Canada’s three main cities each bring about a different flavor.
“Toronto is a very diverse city with influences of German, Italian, Greek, Indian and Pakistanian. Montreal has a strong French influence and a large Haitian population. Vancouver ethnicity includes Korean, Asian and Vietnamese,” Andrews said.
The one thing Canada is missing that is different from American cuisine is the Mexican or Hispanic influence, he said.
“But, the unifying theme in Eastern Canada is maple. Quebec is the No. 1 maple syrup producer in the world,” said Andrews.
While Andrews enjoys cooking today, he said it was after meeting his wife, Holly, in Maryland, where he attended graduate school, that cooking became a part of his life.
Married for 38 years, they have two grown children, Chris and Jessica.
“We started cooking together to enjoy food ourselves and to entertain. Then we had children and we cooked for them,” he said.
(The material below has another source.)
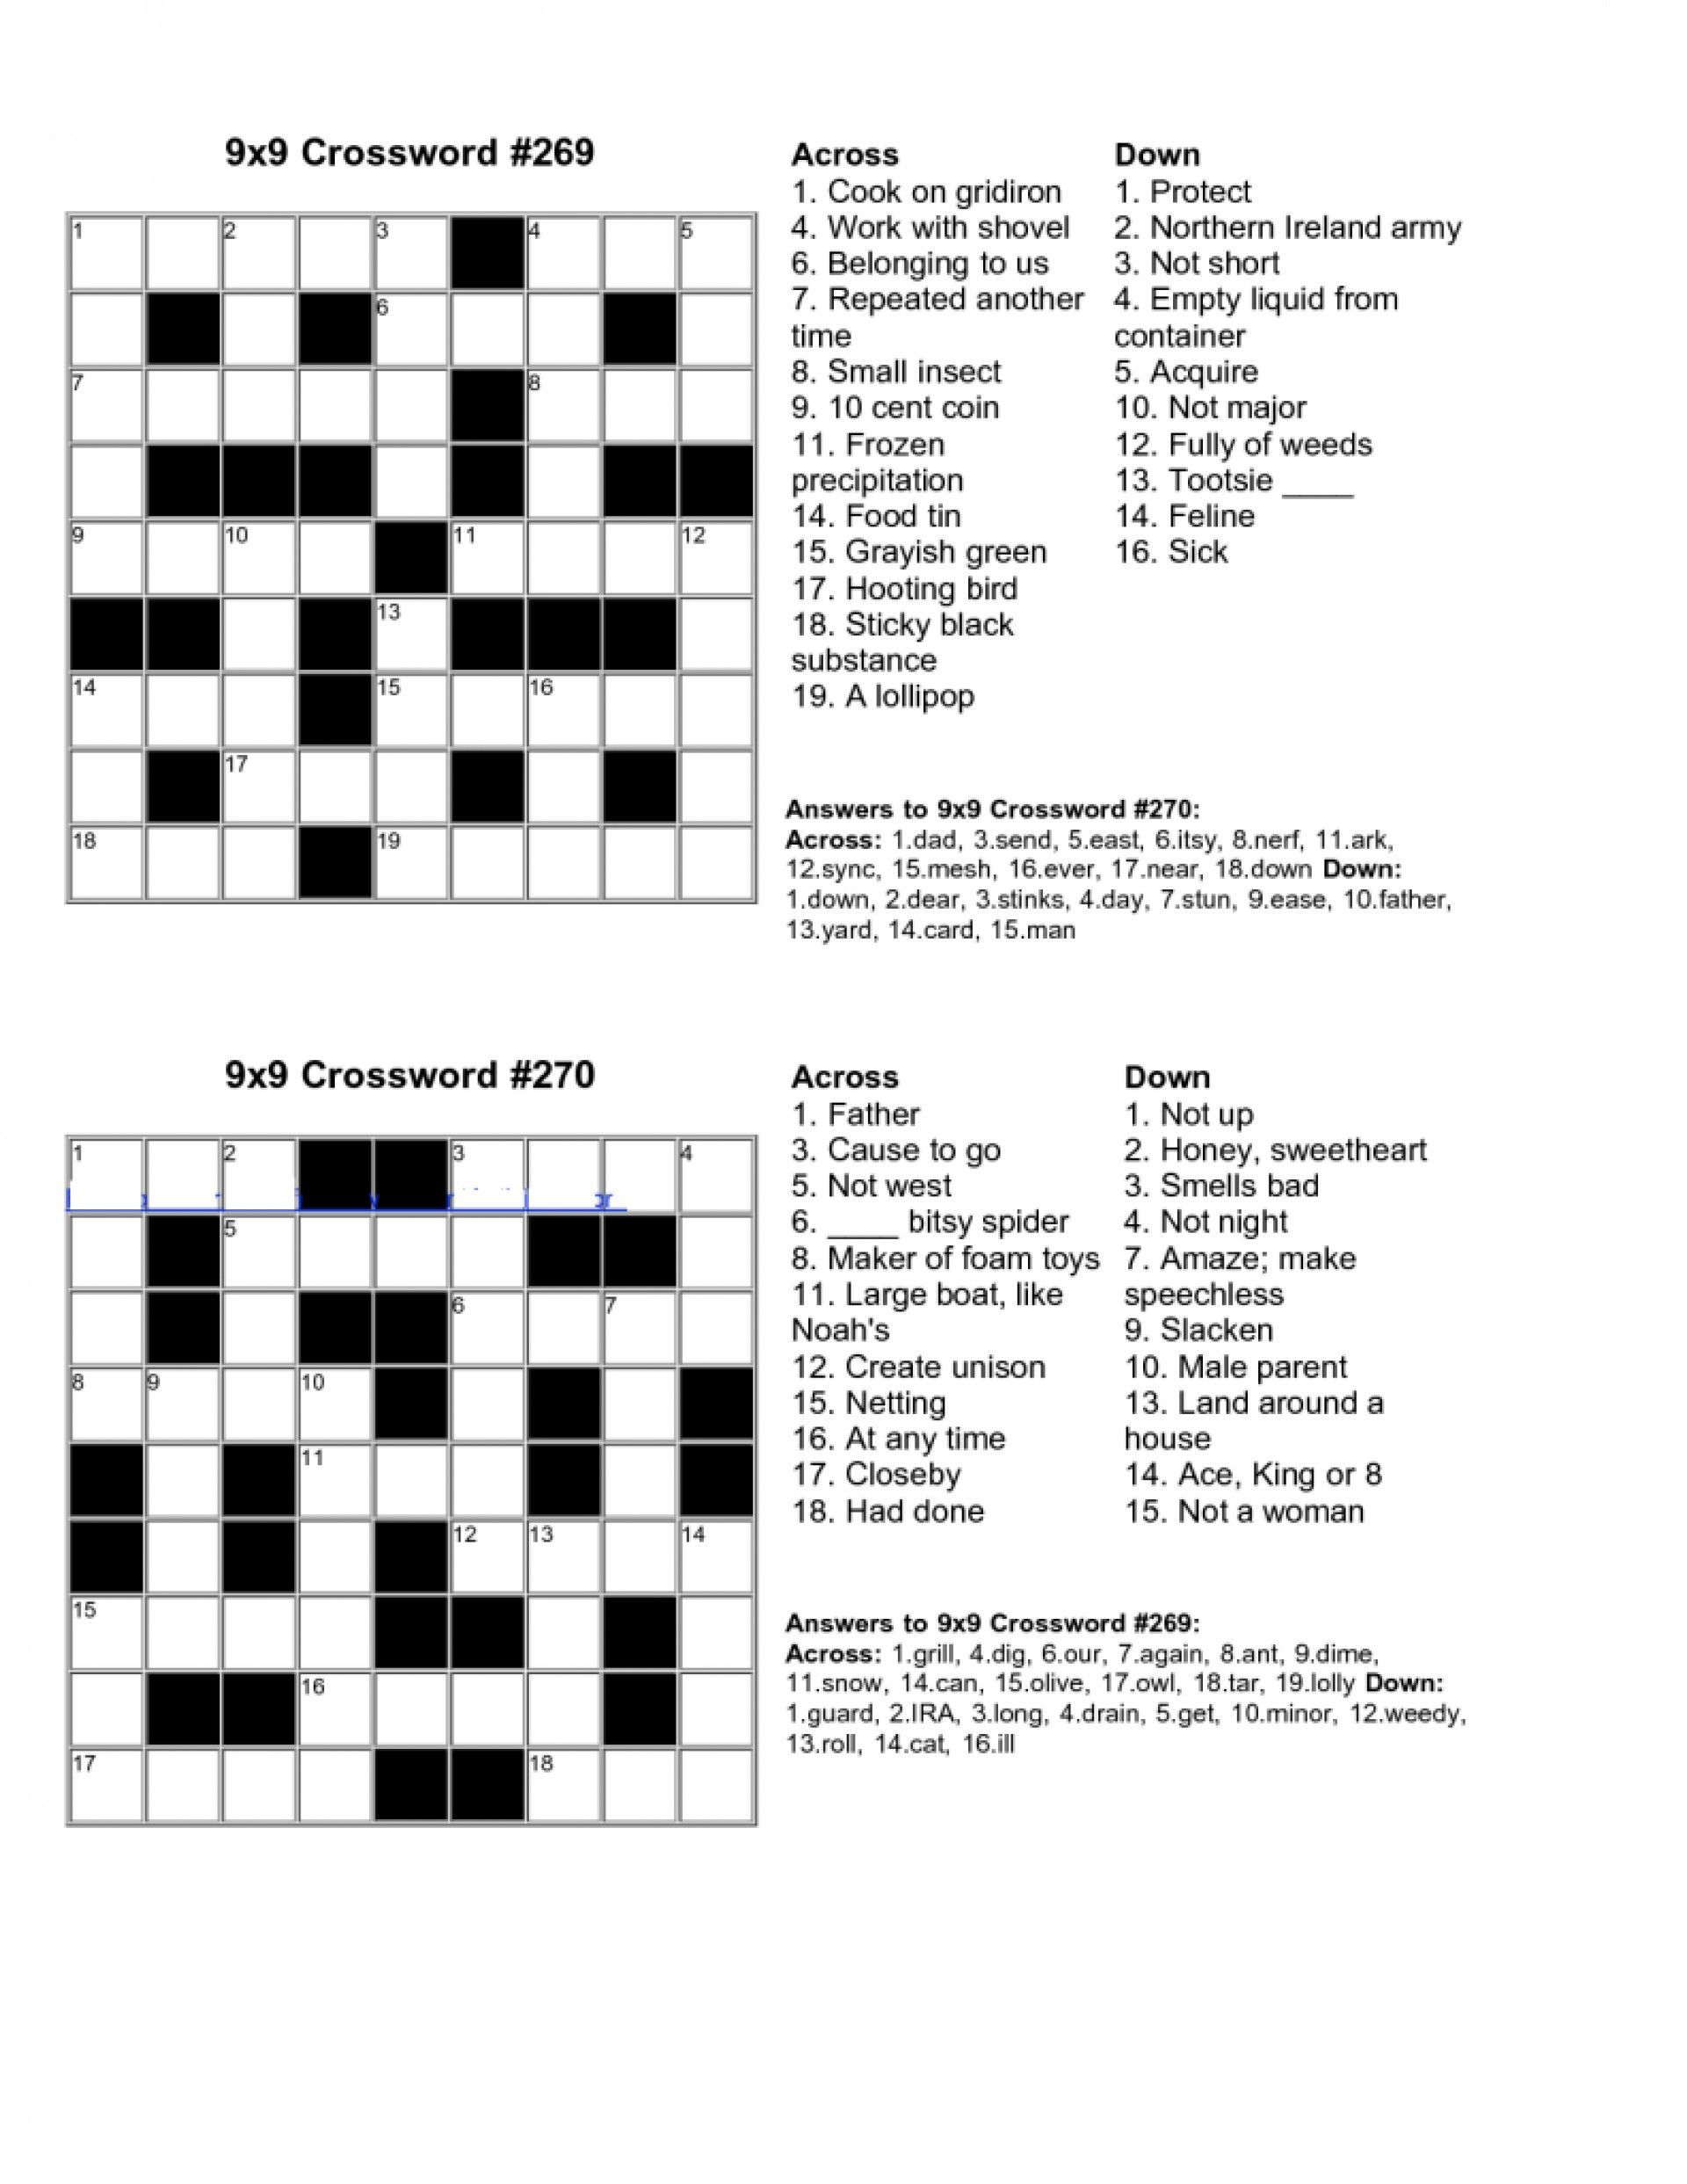 Free Crossword Puzzle Maker Printable - Stepindance.fr - Create A - Free Crossword Puzzle Maker Printable

He said food in Canada is tied to the land in the area it is located. The areas along the coasts offer plenty of seafood, especially salmon; there is plenty of beef and other meat to select from, and with to hold summer barbecues; and because of the colder temperatures in Canada, the choices of root vegetables such as fresh turnips, potatoes, and carrots are plenty.
Winter-time meals often include some rich soups and vegetable stews. Using maple syrup in recipes is quite common. Sweet desserts are adored by many Canadians.
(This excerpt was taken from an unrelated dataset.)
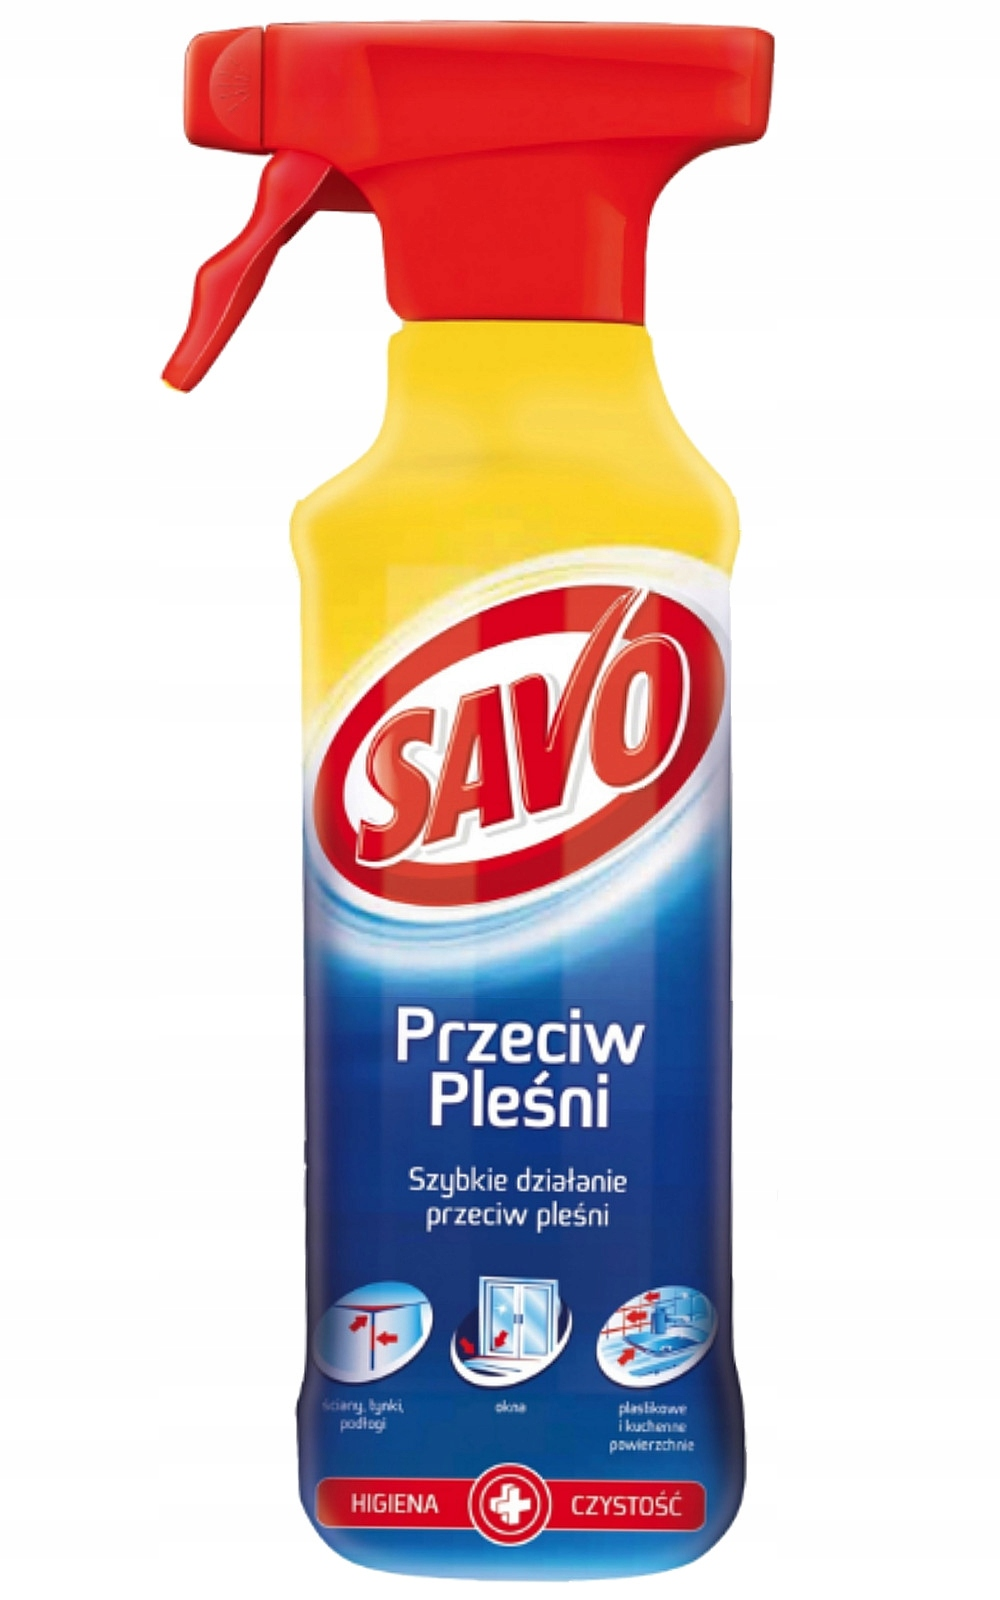 Savo Спрей Очистка для плесени грибы Спрей 500мл

“Where I grew up (Toronto), winter hits in early December. Sometimes you wouldn’t see the ground again until mid-March,” he said.
But, Canada is not without wheat and dairy.
“It is an agriculture country. The Canadian prairies are one of the “bread baskets” of the world. Wheat grows very well there. But, things like tender fruits — peaches and tangerines — are hard to come by,” he said.
Each year, in a very limited area, you’ll find a farmer’s market.
In Quebec, favorite dishes come from the French heritage.
“Throughout Canada, maple syrup and maple products are popular, reflecting the significance of the maple tree, who lead adorns the flag of Canada,” according to www.foodbycountry.com.
A favorite main French-Canadian dish would be tourtiere, which could be basically a pork and potato pie, Andrews said.
This might be served to a family at a special dinner occasion, too.
Canadians also appreciate butter tarts, which is similar to a pecan pie, but typically made with maple syrup or maple sugar, according to Canadian Cuisine Trip Advisor website.
“Traditions in Canada depend on where you live, but there are some regional and some old traditions. All of the cuisine has been modernized and some are now made with less fat,” Andrews said.
Some things to eat in Canada are purely Canadian.
“An iconic dessert in Canada is the Nanaimo bars. Named after a city on Vancouver Island, it is a small, sweet square,” he said.
It is described as a three-layered, rich and sweet, chocolatey confection. It became popular in cookbooks after 1950.